“The Making of the English Working Class”by E.P. Thompson, 1963 Part 5 Sketch: (pgs. 781 to 939 w/ Afterword)
Thompson comes to the culmination of working class
consciousness, which he dates in May 1832, during the passing of the Reform Bill
by the House of Lords in a situation of revolutionary crisis throughout England. To Thompson, this consciousness consists of 1, an awareness of the identity of interests
of every working class strata, 2, subsequent class opposition to the
landlords and capitalists and 3, a vision of a new cooperative society. The Reform Bill events occurred during or prior to the European
revolutions of 1830, 1832, 1848, 1870, 1917, 1919, the formation of the British
Labour Party, the 1926 English General Strike or the creation of the NHS in
1948. He thinks it continued into the
1960s when he published this book.
Education has its Benefits |
Thompson looks into the intellectual culture of popular
Radicalism at this time, which was mostly made up of auto-didacts. In 1825 the Combination Acts were repealed
and an open ferment of ideas percolated through society - reading aloud to the
illiterate, study groups, ballads, theater performances, cartoons, satire and
parody, articles, books, discussions and speeches. Jargon had to be explained or avoided, as
technical phrases like “universal suffrage” might mean to the uninitiated “that
all must suffer if any suffer.” Or
calling for a “provisional government” might mean “a government that provides
provisions.” (We still have this problem
today on the left … archaic language, symbols or odd historical usages that do
not communicate.) 2 of 3 working people
might be able to read a bit at this point. Through these methods radical ideas
permeated into the smallest rural village.

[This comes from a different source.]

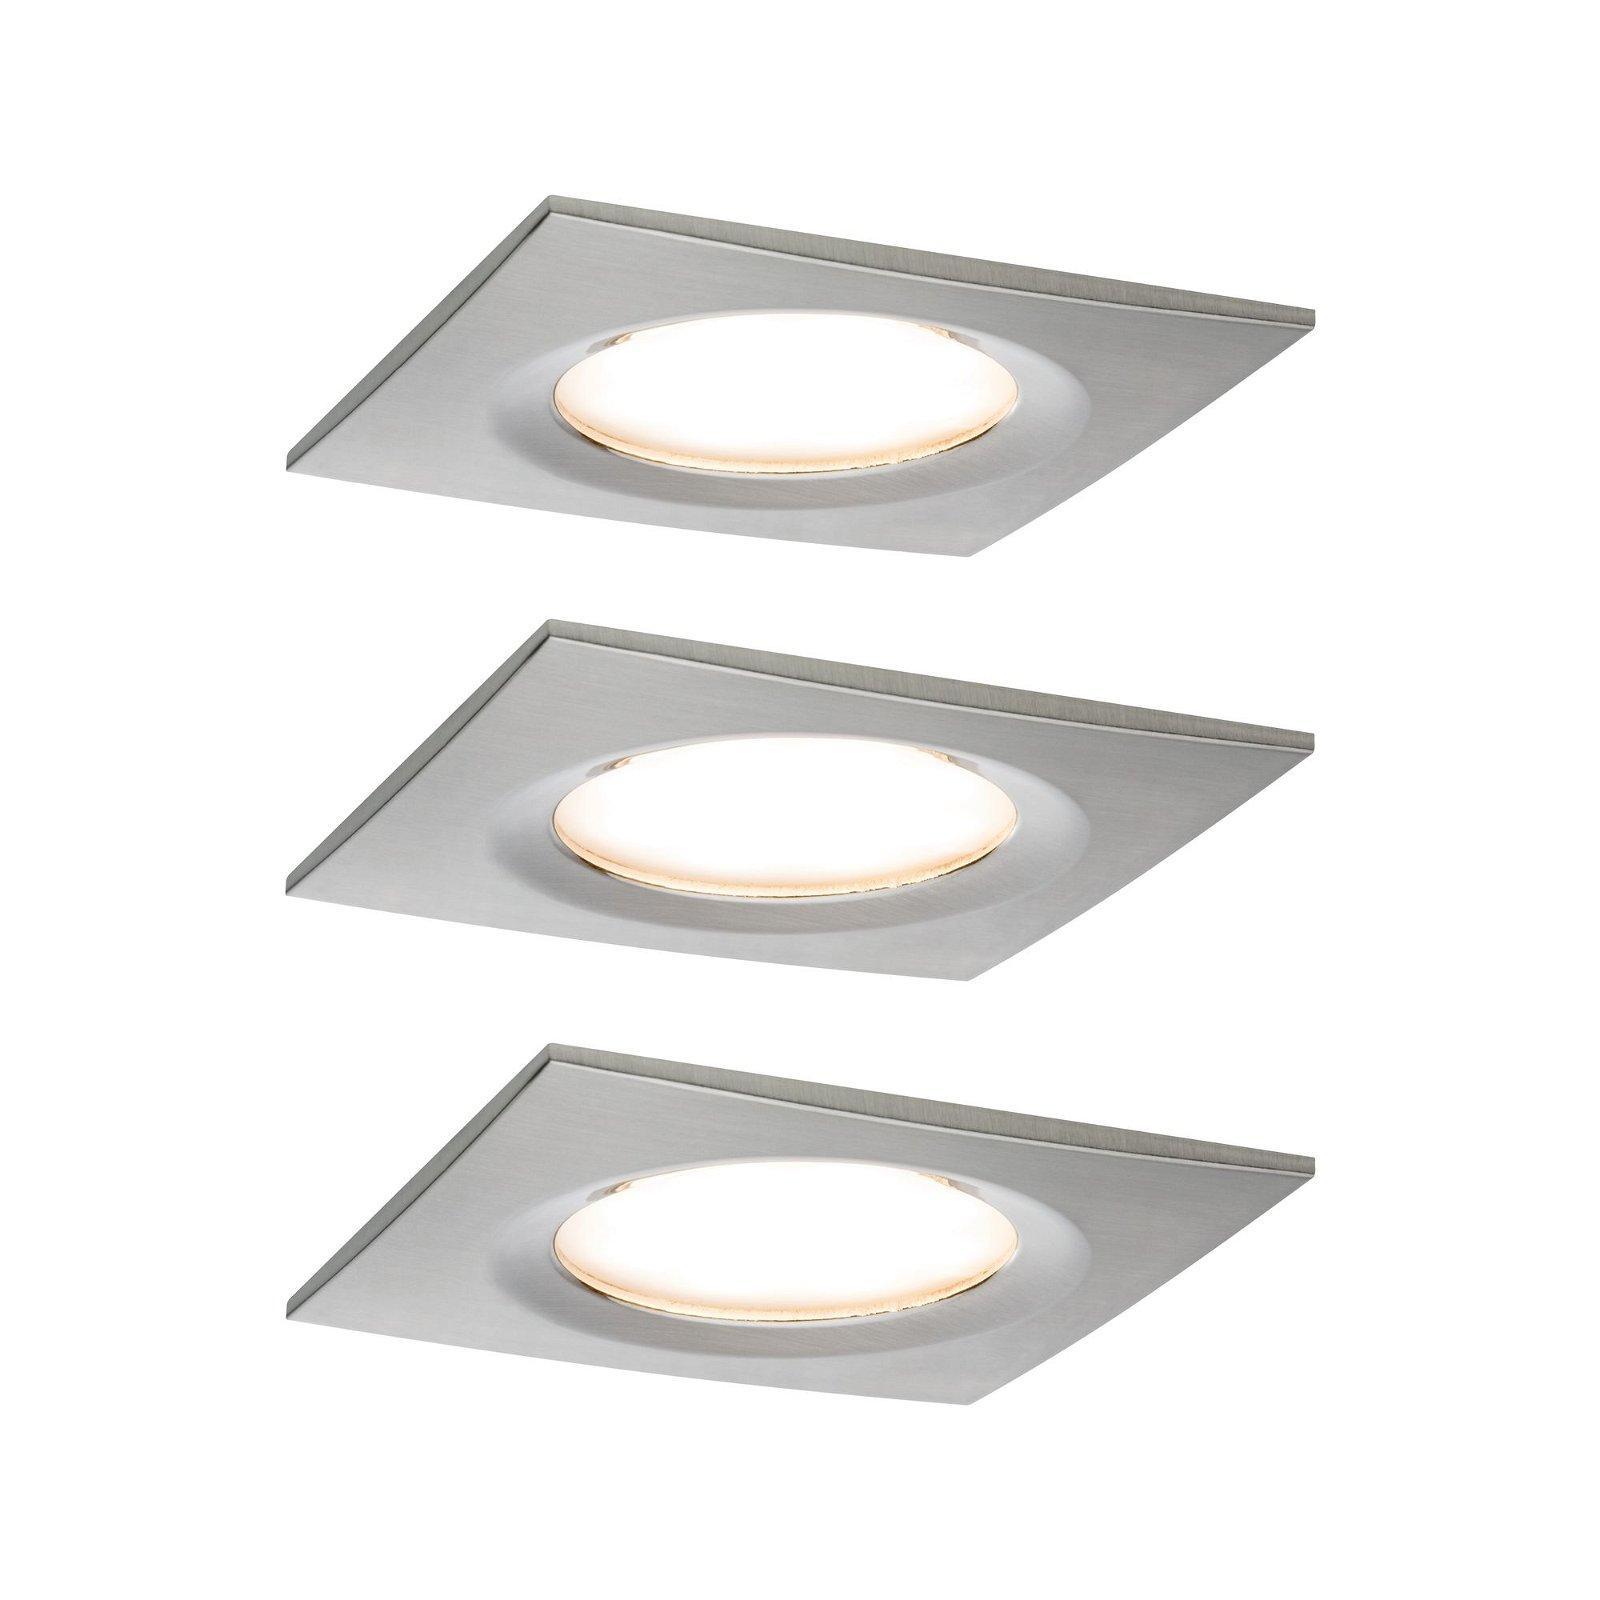 Premium LED Einbauleuchte Slim 3er-Set starr IP44 eckig 78x78mm Coin 3x6,8W 3x633lm 230V 2700K Eisen gebürstet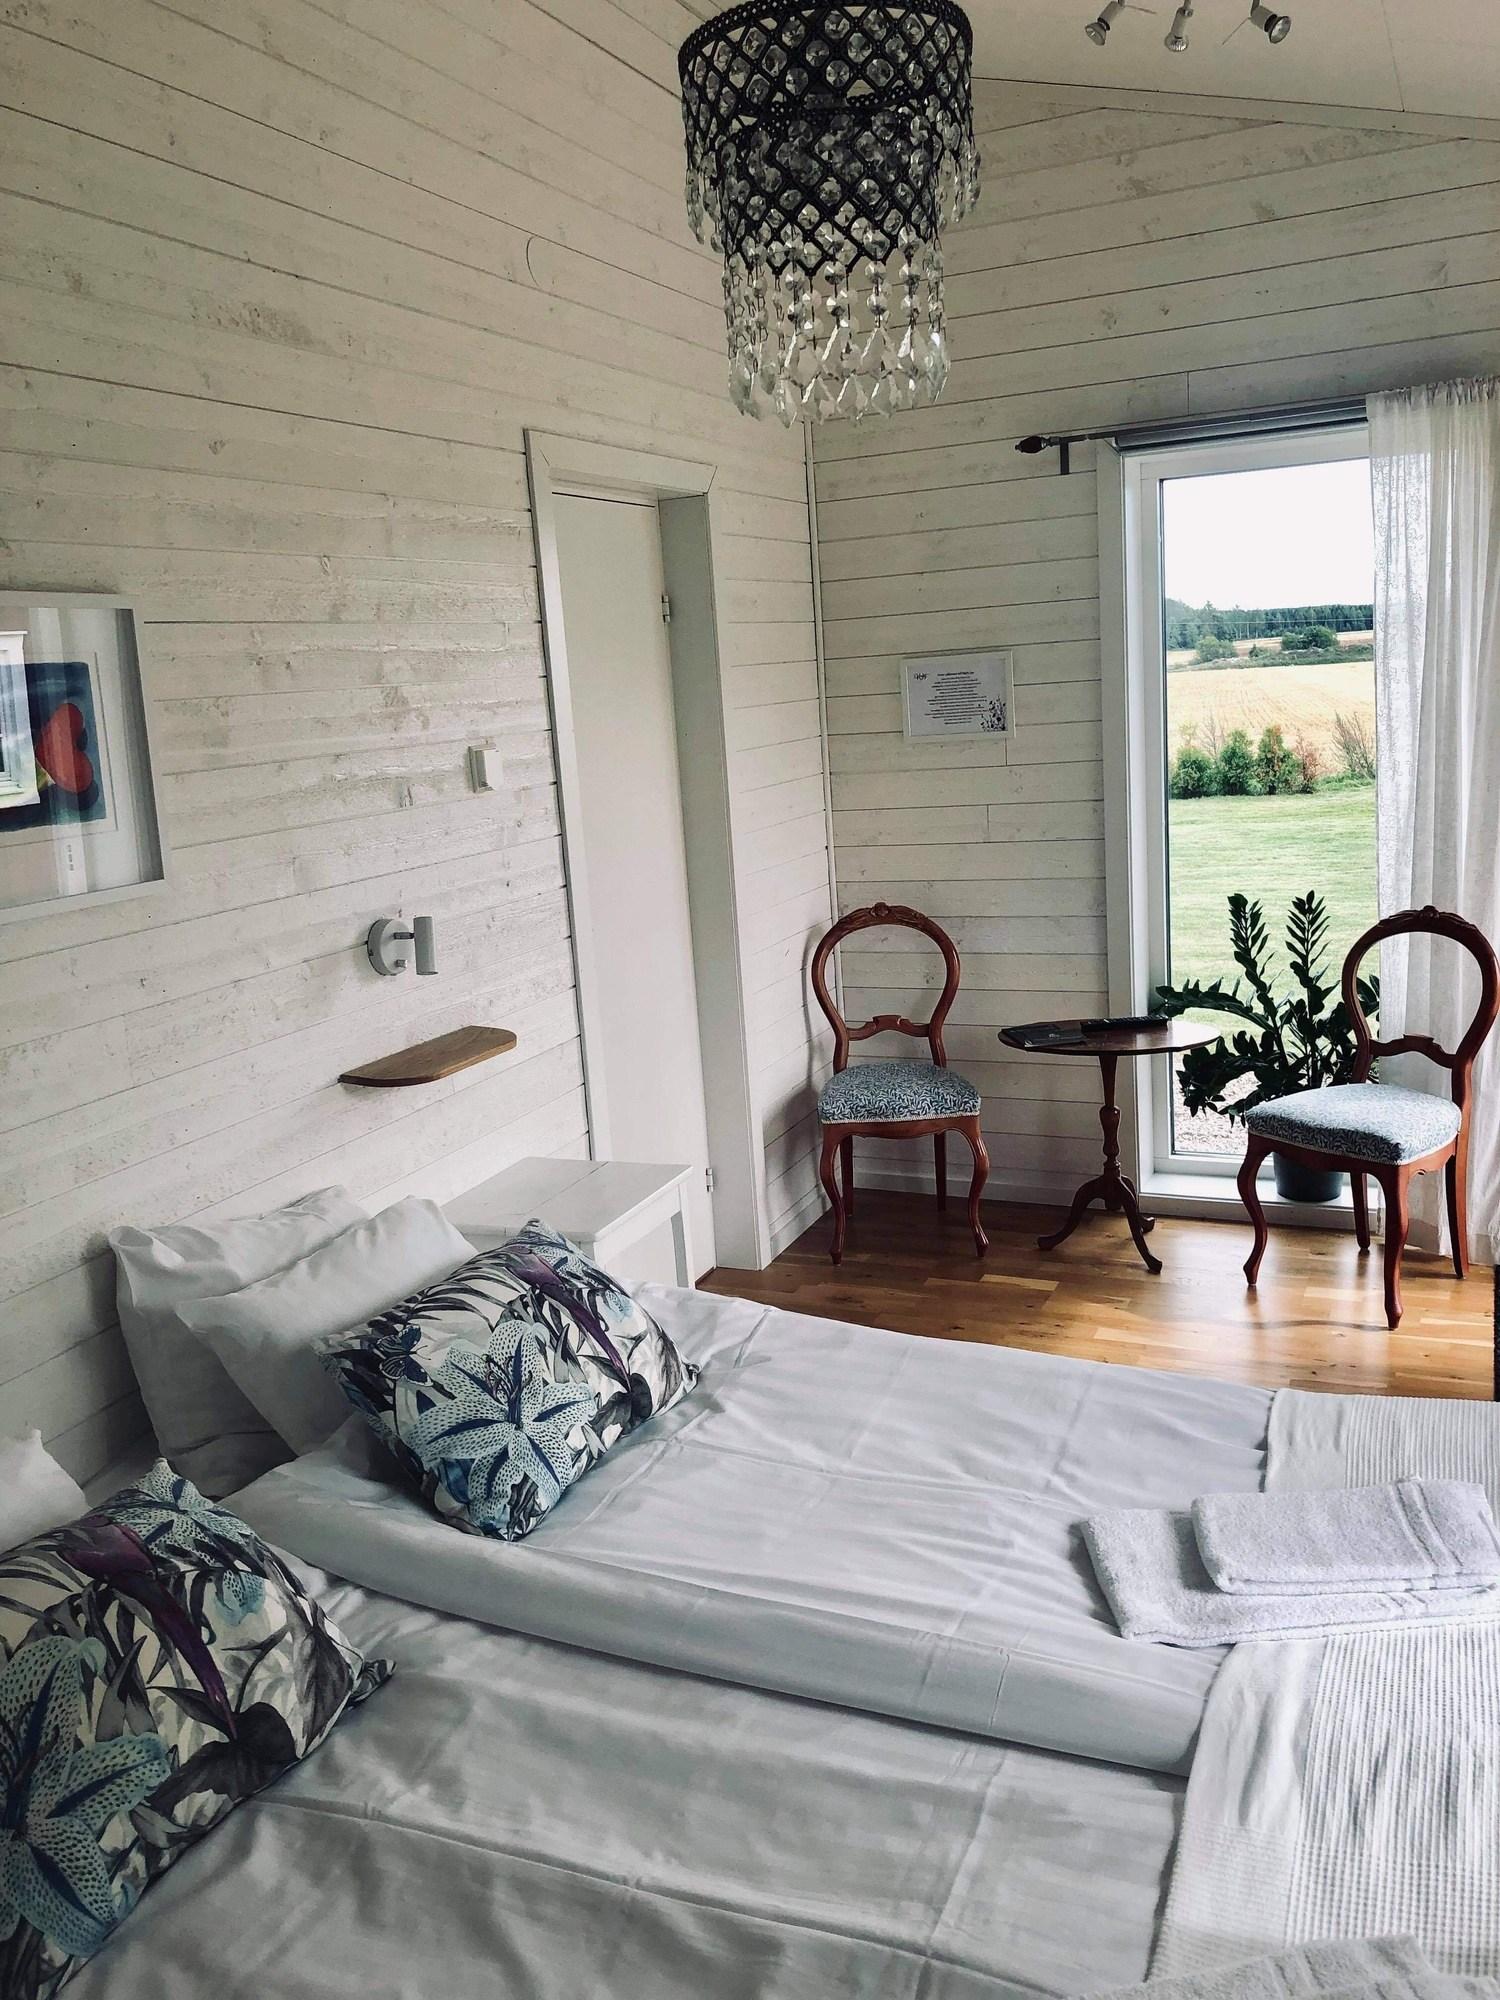 Ljust rum med vit väggpanel. I bilden syns sängar och en stol.

The Government raised the price of transfer stamps through
the 1891 Stamp Act in order to inhibit the mailing or approval of radical
publications, so an underground movement of ‘unstamped’ publications was
created. Punishment under the “Vagrant
Act” led to instances like this, where 2 workers were tied to the ‘whipping
post’ for distributing unstamped Radical publications. (Sound familiar?) Eventually parody and
satire were legalized in 1820 when the Government’s Crown prosecutors failed to
prove its case in a jury trial. A
chuckling crowd of ‘mechaniks’ might congregate around a London print shop
showing the latest lampoon of the ruling elite by Cruikshank. This period
resulted in ‘freedom of the press’ becoming widespread throughout England, at
least in practice, a direct result of the labor ferment in the country.
Thompson identifies two Radical publics in 1832 – the
working class one and the middle class one.
At all times they fought for dominance and this situation still exists. Thompson
goes into a long analysis of Cobbett, whose journalism and speeches had a major
impact on workers for years, but who never actually came up with a consistent
theory. He really harked back to a time
of small producers, of sturdy, individual ‘free-born Englishmen,’ of rural life. Yet Thompson considers him a representative
of the working classes. Cobbett spoke
directly to the working class, sometimes using his own experience. He avoided flowery language, impressive
diction and high-flown illusions, perhaps an early example for Orwell. This is unlike more academic Radical writers
like Hazlitt, who peppered his writings with literary references, really
directing his blows in the language of the middle and upper classes.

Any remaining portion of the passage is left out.